The metatheatrical element present in Richard’s role as king remains after the abdication scene. The Duke of York tells of Richard’s plight; As in a theatre the eyes of men, After a well-grac’d actor leaves the stage, Are idly bent on him that enters next, Thinking his prattle to be tedious; Even so, or with much more contempt, men’s eyes Did scowl on Richard. (V:ii:23-27) And Bolingbroke later comments, “Our scene is now alt’red from a serious thing,/ And now changed to the beggar and the king” (V:iii:77-78). Because the idea of usurping a throne was so anarchist in the eyes of Shakespeare’s contemporaries, he uses these metatheatrical elements not only as a literary technique but also as a means of constantly reminding the audience that this is only a play. Although based upon historical events, Shakespeare constantly infuses elements of metatheatrics to vindicate himself.

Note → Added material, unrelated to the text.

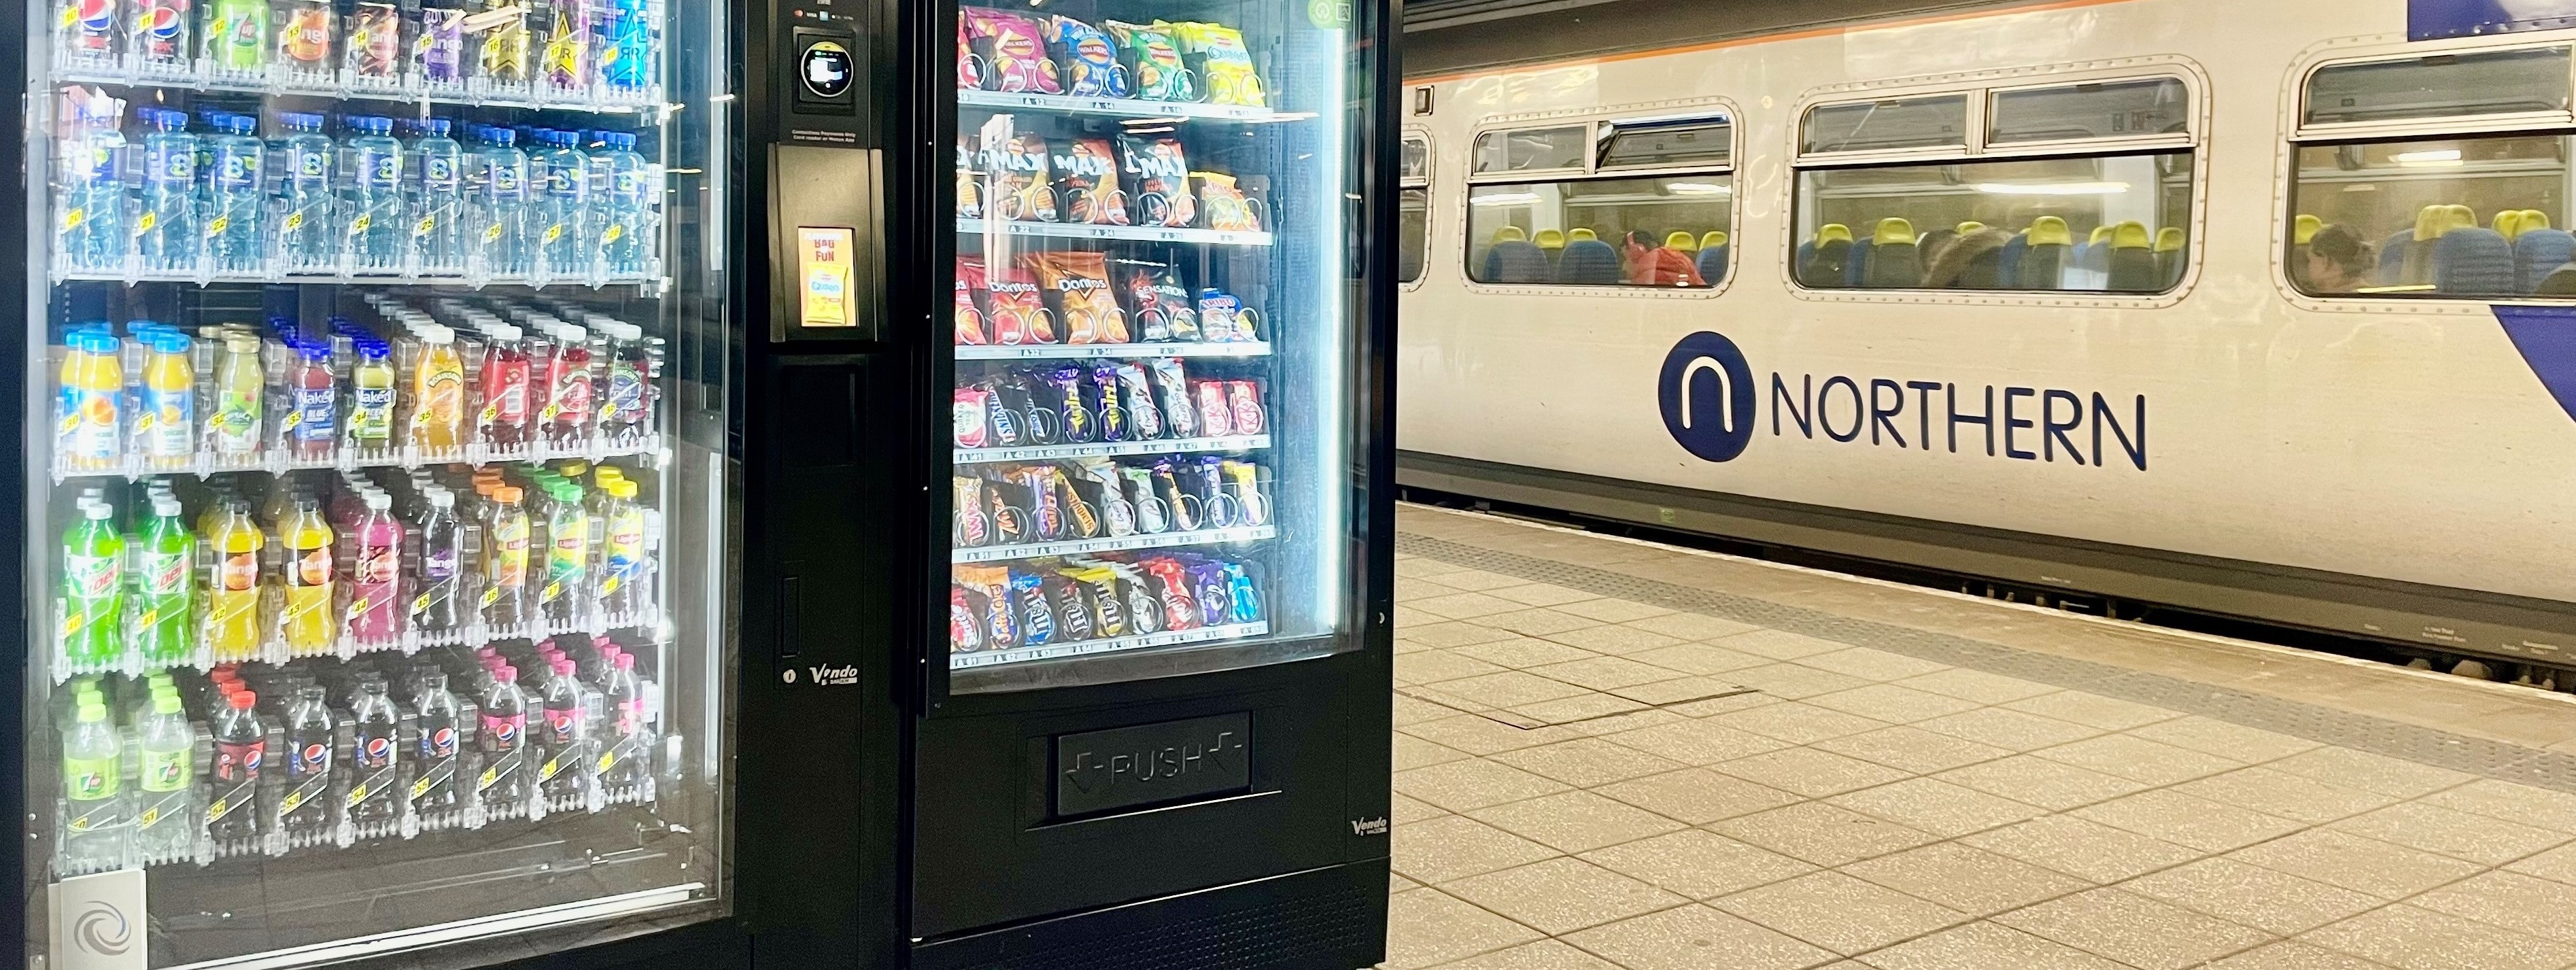 image-shows-vending-machine-on-platform-with-northern-service-2

Richard’s value as a character derives completely from his response to others. Devoid of all other qualities, his crown was the only thing that created a positive reflection of himself. Even in Richard’s most personal relationships, with his wife for example, he does not breach the realm of professionalism. He performs even with her; their final exchange mimics his impersonal oratory style that he used with his subjects. After his abdication Richard maintains his flamboyant use of language but it loses its impact when there are no sycophants to respond. This is illustrated when Richard says, “God save the King! Will no man say amen? / Am I both priest and clerk? Well then, amen” (IV:i:172-73). Accordingly, Richard becomes his own audience.
In his final monologue Richard sits alone in prison contemplating the world and his place in it. He concedes to the fact that without an audience he cannot function, saying, And, for because the world is populous And here is not a creature but myself I cannot do it. (V:v:3-5)

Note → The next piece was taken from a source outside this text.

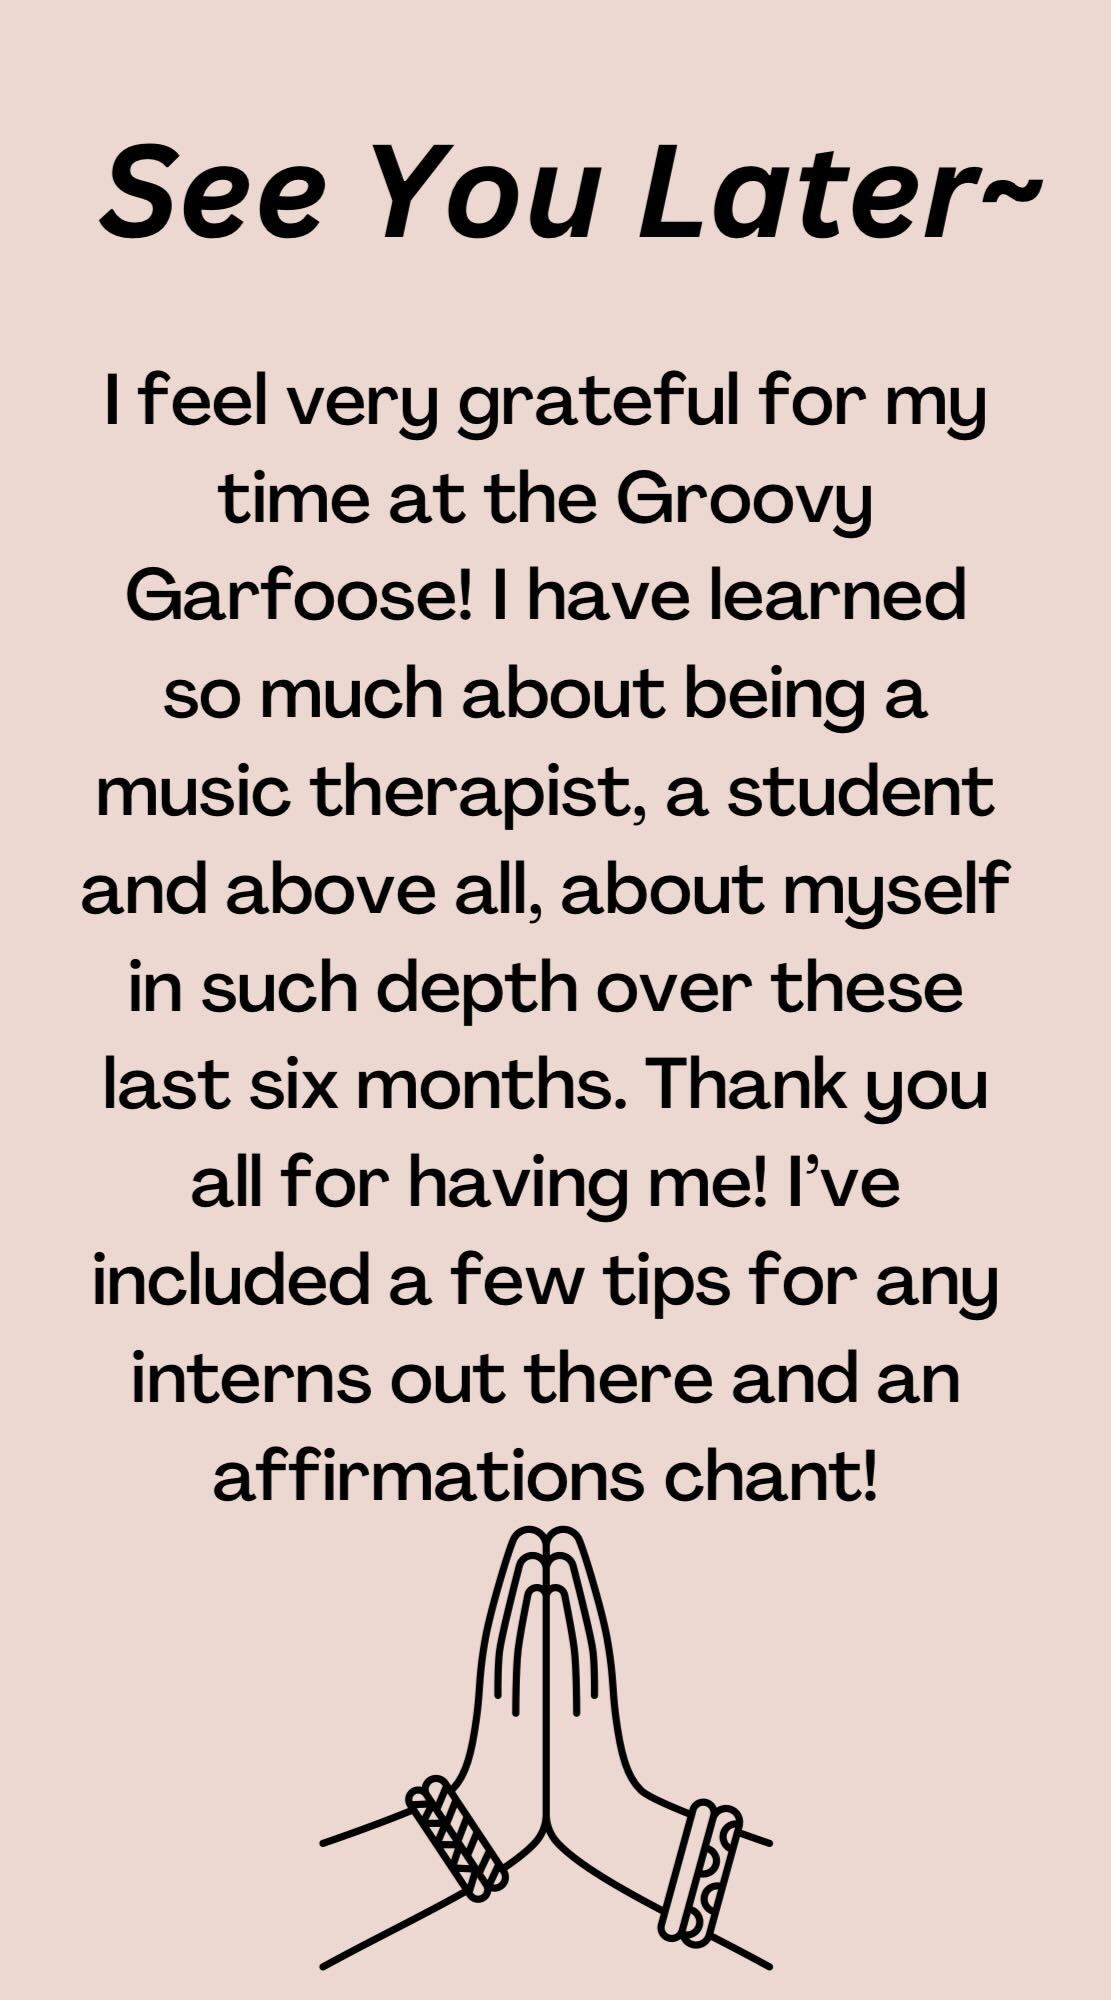 A pink background with black text overlay and hands folded in gratitude.The text reads: “See you later. I feel very grateful for my time at the Groovy Garfoose! I have learned so much about being a music therapist, a student and above all, myself in so much depth over these last six months. Thank you all for having me! I’ve included a few tips for any interns out there and an affirmation chant!”

Richard is an individual with no identity other than in his ability to perform, an ability that is null with no one to perform for. In losing his crown he lost his audience and is henceforth obsolete. When pondering the meaning of life he arrives at no conclusion other than that his time is nearing an end. Stating, “For now hath time made me his numb’ring clock”, the actor indicates that both his time on stage and Richard’s time on earth are coming to a close (V:v:50). Accordingly, the metatheatrics that pervade the plot of King Richard II apply to his final lines, as Richard the master actor bids farewell to his stage. Having played in one person many people, he never managed to find his sense of self.
Palmer, John. Political and Comic Characters of Shakespeare. London: Macmillan, 1974.
Righter, Anne. Shakespeare and the Idea of the Play. London: Chatto & Windus, 1962.
Shakepeare, William. As You Like It. Ed. Agnes Lathum. London: Arden, 1999.
Shakepeare, William. King Richard II. Ed. Peter Ure London: Arden, 1956.
Winny, James. The Player King. London: Chatto & Windus, 1968.